« BackThe semver trick (2019)github.comSubmitted by jcbhmr 2 days ago
  • tantalor 2 days ago

    Not knowing rust, this is pretty meaningless to me.

    Is this trick relevant outside of rust?

    • adastra22 2 days ago

      Rust has a nice semver-based package management tool called cargo. One thing rust/cargo does really well is packaging up different versions of the same dependency for the same build. E.g. your project can update to widget=2.0 while some of your downstream dependencies are still stuck on the 1.x release branch. Cargo's semver support means that those dependencies can be automatically upgrade to support newer 1.x releases, but they will not work with 2.x without the package maintainer's intervention. In the mean time it just compiles and links to both, while keeping them isolated.

      Usually this is great. You avoid dependency hell while only trading off some compiled binary size. Sometimes it fails when a package must have only one version, e.g. because you're passing around data types from that package to/from your dependencies which use the old version, but part of rust/cargo's trick is that types drawn from different versions of the same package are distinct types. So you get a compile-time type check error.

      Solution: the widget package maintainer pushes out a final 1.x release which itself depends on widget=2, and is simply a shim that re-exports the API. This semver-violating trickery is basically a stealth upgrade that forces all upstream widget=1 pegged crates onto the new widget=2 release branch.

      This trick is generic and relevant outside of rust, at least so far as other package managers user semver-aware dependency management.

      • undefined 2 days ago
        [deleted]
        • wakawaka28 2 days ago

          I think I get how this works but other package managers would likely solve the problem by specifying that the v2 package "provides" the v1 interface, and then possibly deprecating or removing v1. At least I think that would work. It's not something I've sought to do. Most libraries in C or C++ do not support linkage of different versions in one app, so you must pick exactly one version to run with.

          • Tuna-Fish 2 days ago

            The problem with this is that v2 by definition does not provide the v1 interface, or there would be no reason to bump up the major version number.

            Using the trick, the last v1 package is a facade that constructs the old interface using the new package. To provide equivalent functionality, you basically have to do the same thing.

            • wakawaka28 2 days ago

              OK then if you want to keep the v1 interface exactly then you have to build a facade yourself. I don't think most libraries are capable of supporting that use case because of their semantic structure. Instead of employing a bunch of tricks to avoid fixing a couple of functions (the case where a facade makes sense), you should just fix the callers. That might not be easy for packages that are independently published (for example pypi or cargo packages) but it is possible in many package managers that have central teams of maintainers.

              • adastra22 2 days ago

                The whole thing is sus. If widget=2 can work as a drop-in replacement (non-breaking) for widget=1, then why the version bump in the first place?

                But in the real world there are times when major versions are bumped without breaking changes. E.g. a bunch of crates maintained as part of a single project with a uniform versioning scheme.

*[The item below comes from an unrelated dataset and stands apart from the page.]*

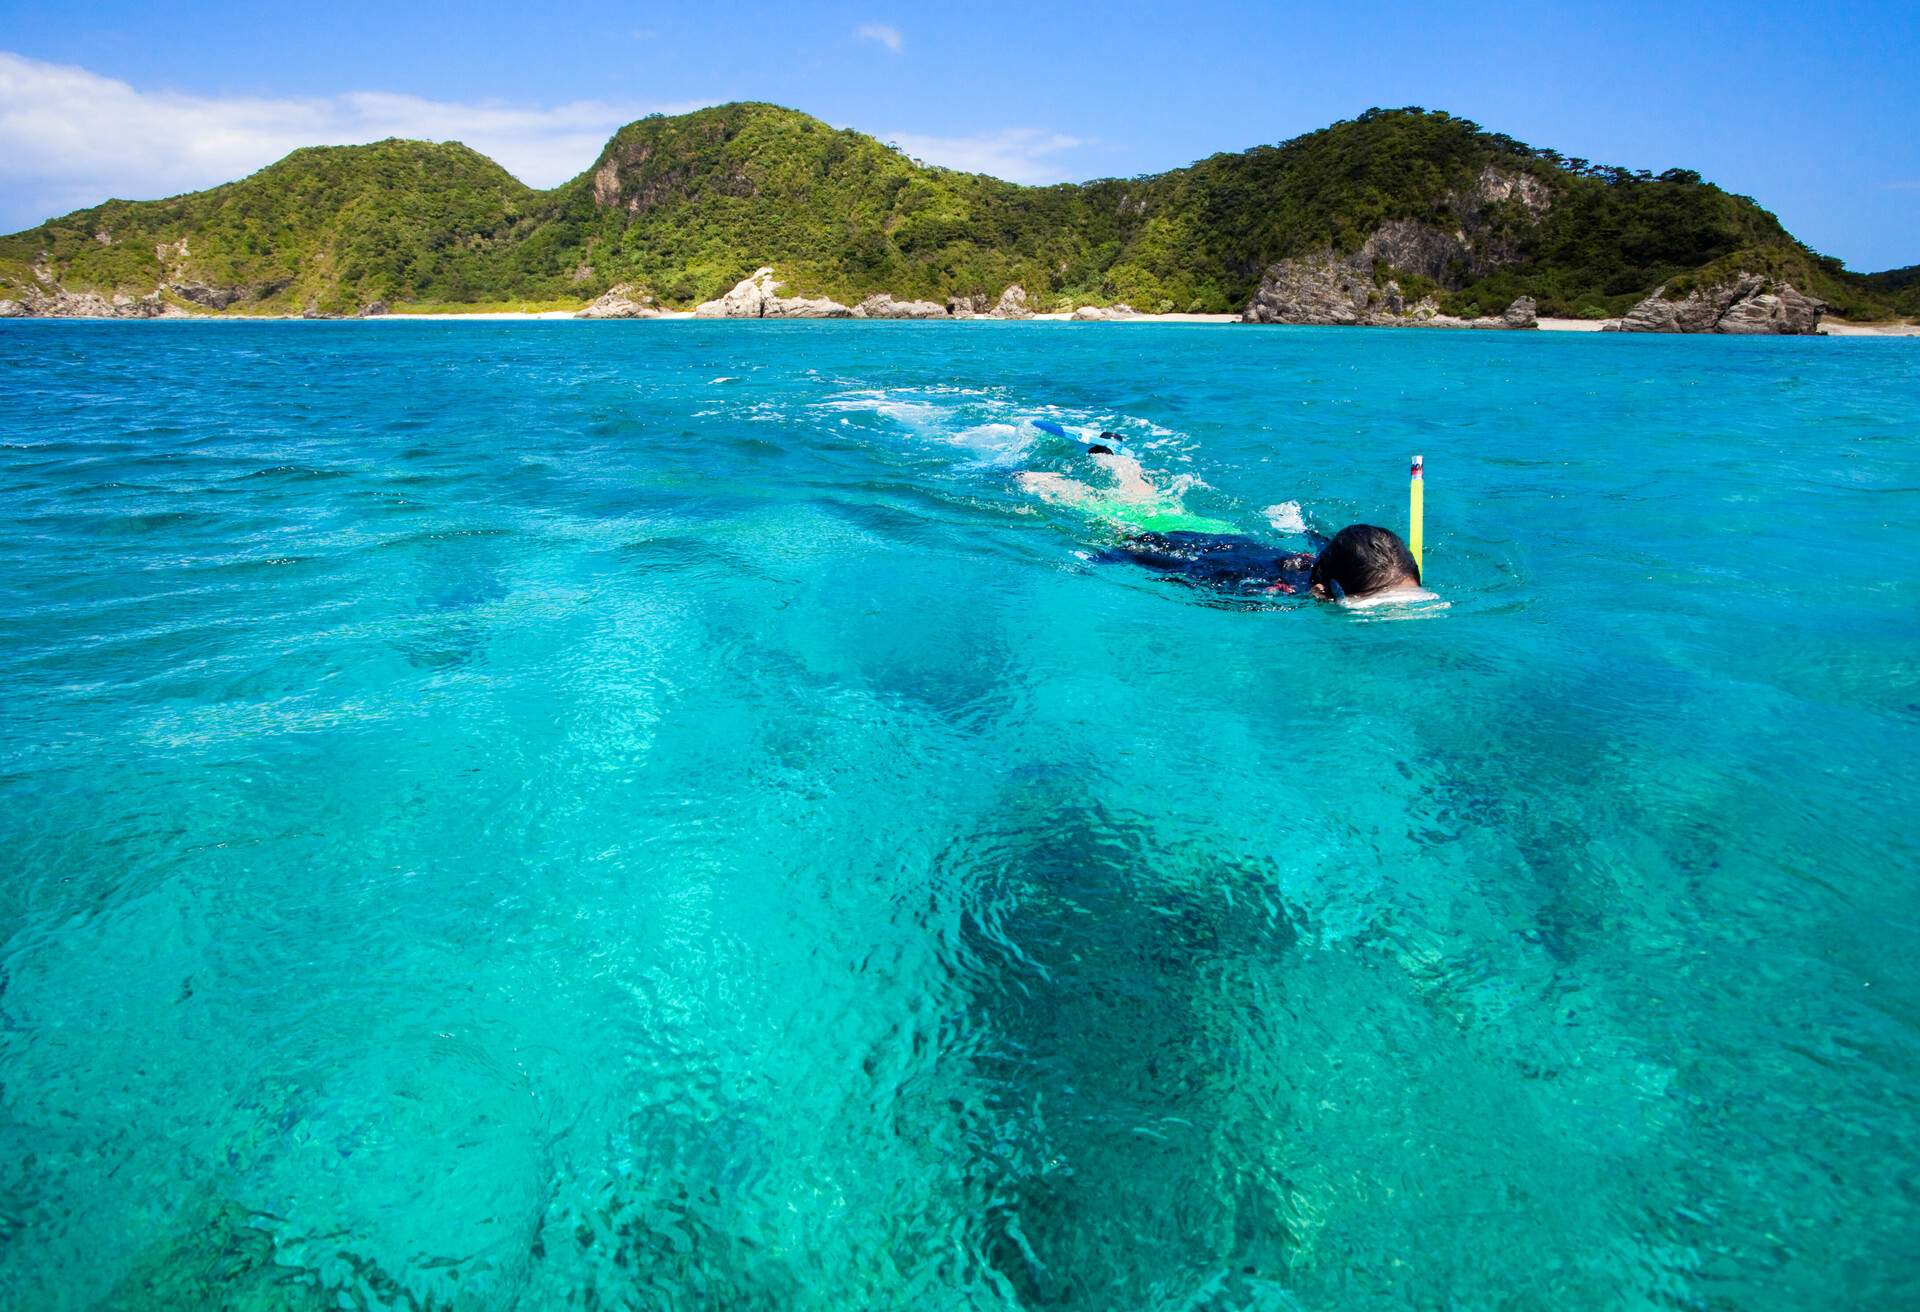 A person snorkelling in the blue water sea near the lush forested island.

                • wakawaka28 2 days ago

                  I think now there must be some kind of adapter code, even if auto-generated, that is a facade from v1 to v2. You can essentially use that to release a new v1 minor revision that depends on v2 for its implementation. But yeah the whole thing sounds sus, not easily applicable to other languages (where does this adapter code come from and how does it coexist with v2?), and like a bad practice even when it can work. You should really just migrate everyone to the new version instead of patching together something to handle stubborn users of the old version.

        • edflsafoiewq 2 days ago

          It's relevant to any kind of dependency graph. Essentially it's converting

                A                  A       
               / \                / \      
             Cv2  B     into     |   B     
                   \              \   \    
                   Cv1             \  Cv1  
                                    \ /    
                                    Cv2    
          
          Suppose some exported symbol, X, didn't change from Cv1 to Cv2. In the former, A gets two copies of X depending on which path it took up the dependency tree. In the latter, there's only one copy since both paths terminate in the same place.
          • jerf 2 days ago

            I've used something very similar in Go. I can't point to it because it's an internal repository, but it allowed for relatively smooth co-existence between a v1 and a v2 of a particular package that had one aspect that was hard-to-upgrade, but also, generally rarely used compared to the rest. The rest of the types were fully identical because v1 simply re-exported the v2 types, so Go only complains if you try to cross the streams with the specifically-changed but rarely-used types, which is exactly the complaint I want.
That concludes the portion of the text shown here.